NALC BRANCH 1100 714-748-1100

 

National Association Of Letter Carriers, AFL-CIO Barbara Stickler, President

Frequently Asked Questions Regarding Injury Compensation

 

 

 

These are some of the frequently asked questions I encounter regarding on the job injuries. Knowledge is power and we have to educate ourselves on our rights when we are injured on duty! If you have any additional questions please feel free to contact me at the Branch at 714-748-1100 or you can e-mail me at davey@nalcbranch1100.org

 

Q: What is a workers’ compensation claim?

 

 A: The Federal Employees' Compensation Act (FECA) provides compensation benefits to civilian employees of the United States for disability due to personal injury sustained while in the performance of duty.
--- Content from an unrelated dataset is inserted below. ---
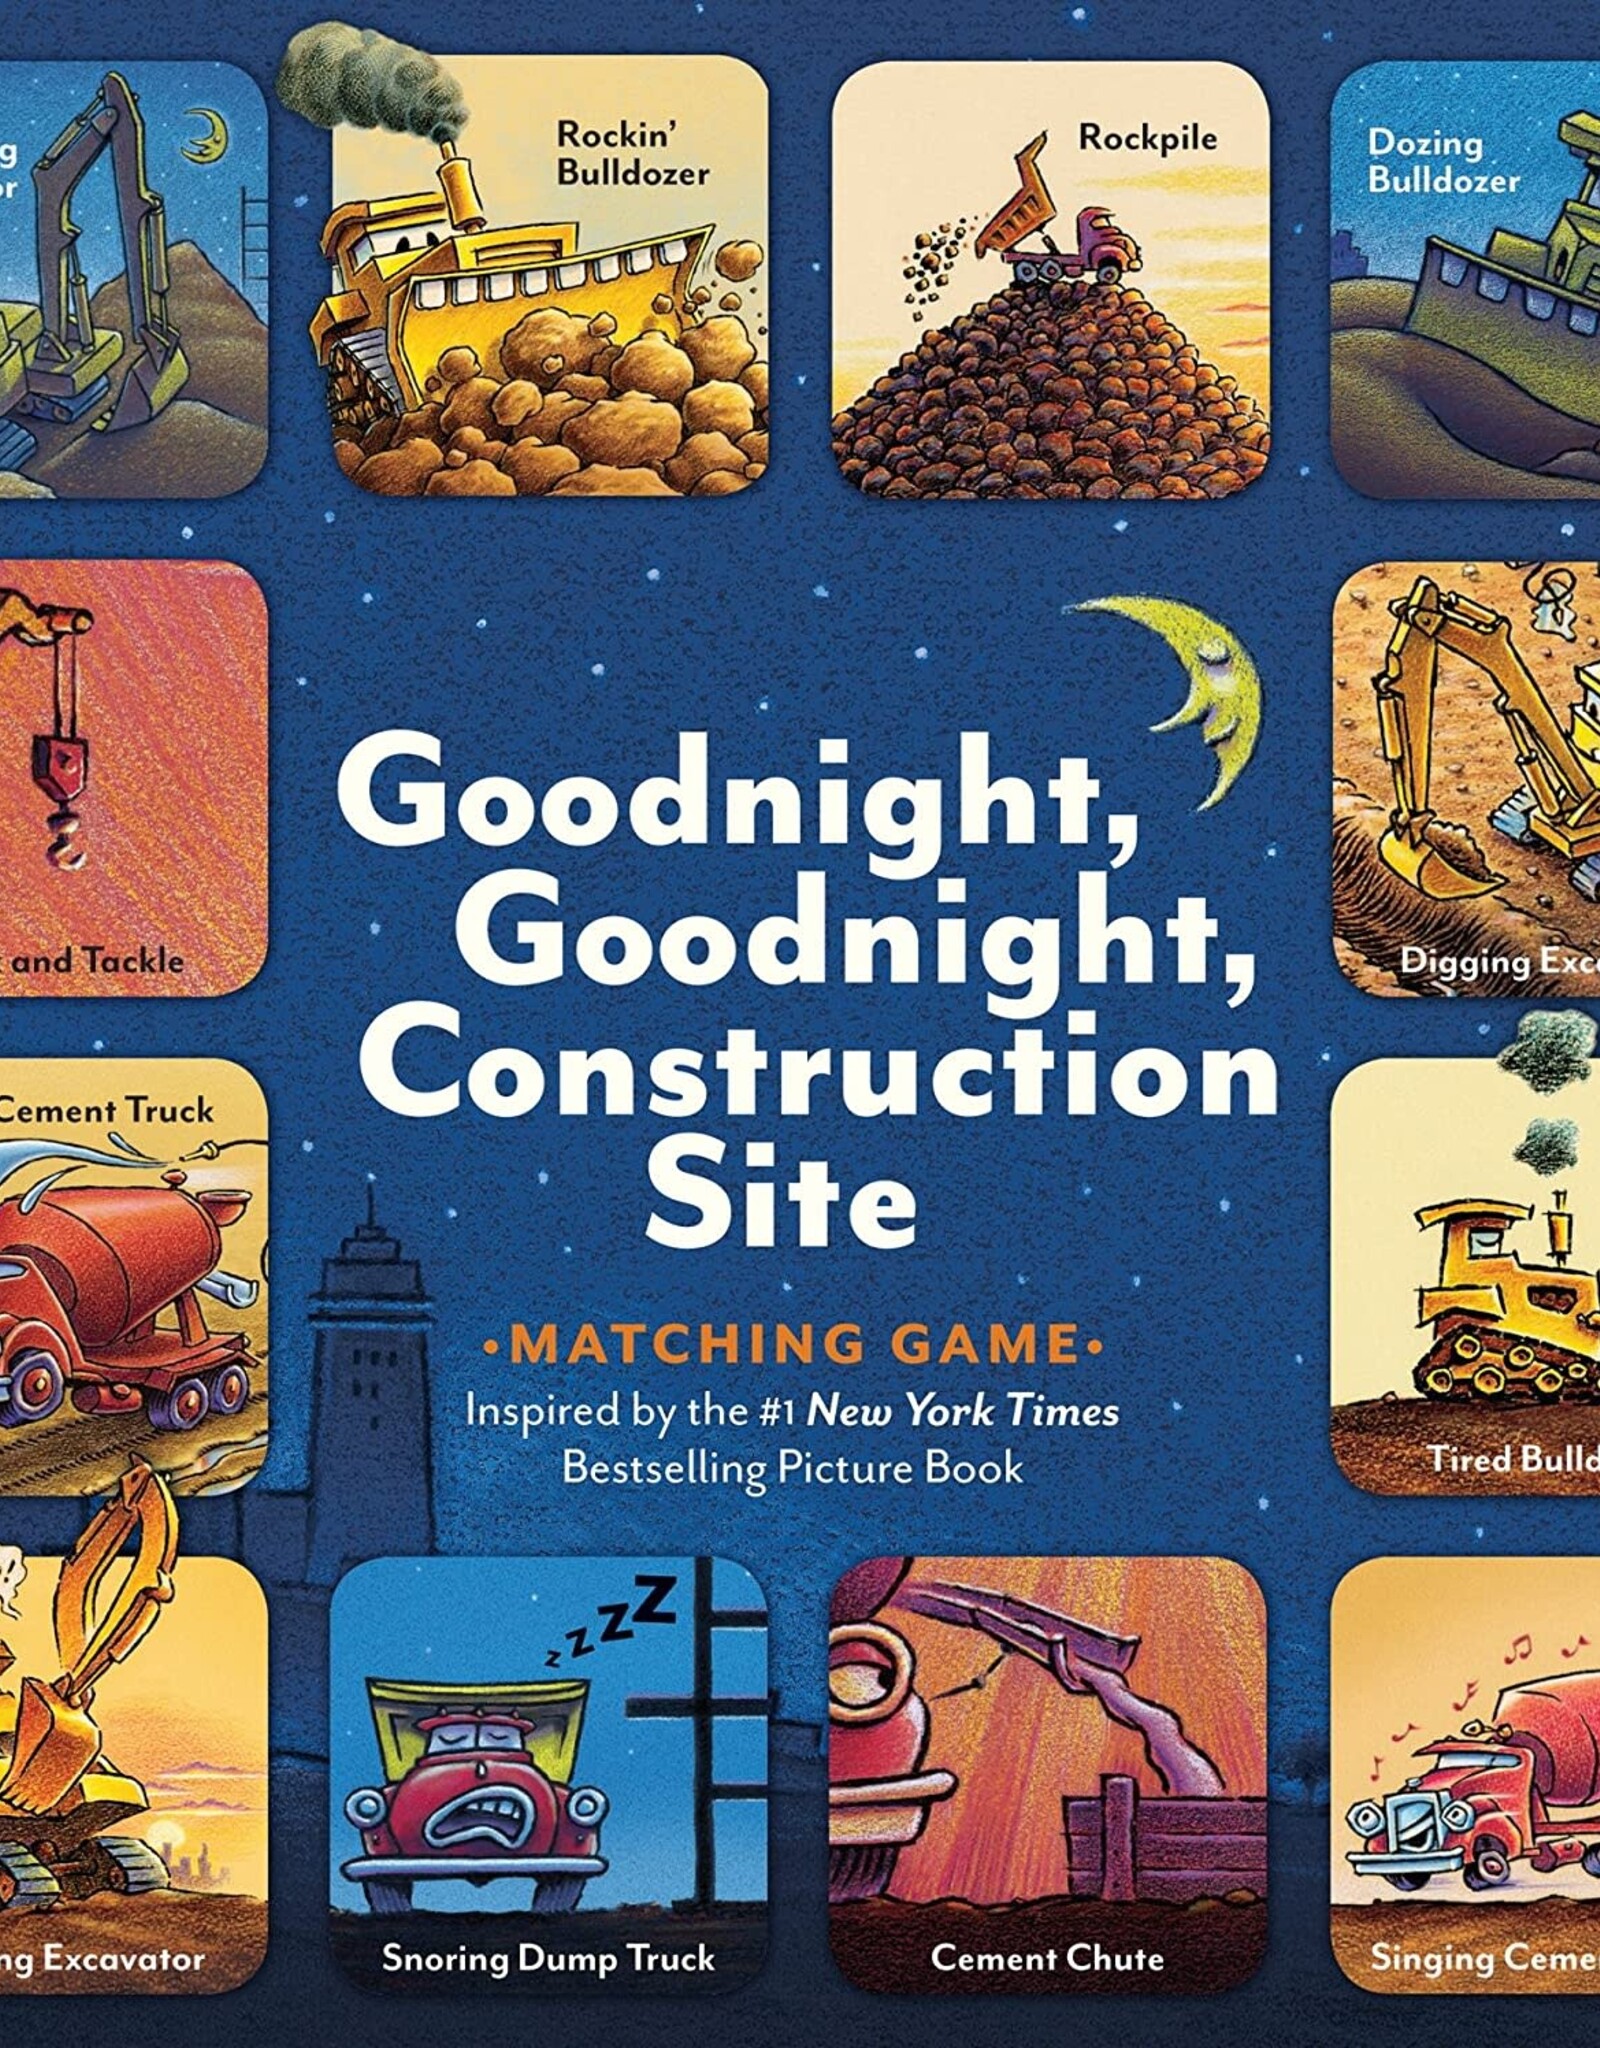 Goodnight, Goodnight, Construction Site, Matching Game

The Act also provides for compensation for employment-related diseases.

 

Q: I just got injured, what do I do?

 

 A: You should inform your supervisor that you were injured as promptly as possible. If you wish to file a workers’ compensation claim, fill out the appropriate forms; either a CA-1 or CA-2.

 

Q: What is a traumatic injury?

 

A: According to the Federal Employees’ Compensation Act, a traumatic injury is defined as “a wound or other condition of the body caused by external force, including stress or strain, which is identifiable as to the time and place of occurrence and member or function of the body affected. The injury must be caused by a specific event or incident or series of events or incidents within a single work day or work shift.” The key to this definition is that an event must have occurred during one work day.

 

Q: What is a CA-1?

 

A:  A claim CA-1 refers to a traumatic injury. The CA-1 notifies management of a traumatic injury and serves as the report to OWCP, when needed. The employee, or someone acting in his or her behalf, should submit the CA-1 to the supervisor as soon as possible following injury but no later than 30 days for COP entitlement. Statutory requirements will be met for FECA benefits if the CA-1 is filed within 3 years from the injury. The supervisor should submit this form to the ICCO within 24 hours from receipt from the employee. The ICCO must submit this form to OWCP within 10 working days from the date received by the supervisor (or other postal official) from the employee.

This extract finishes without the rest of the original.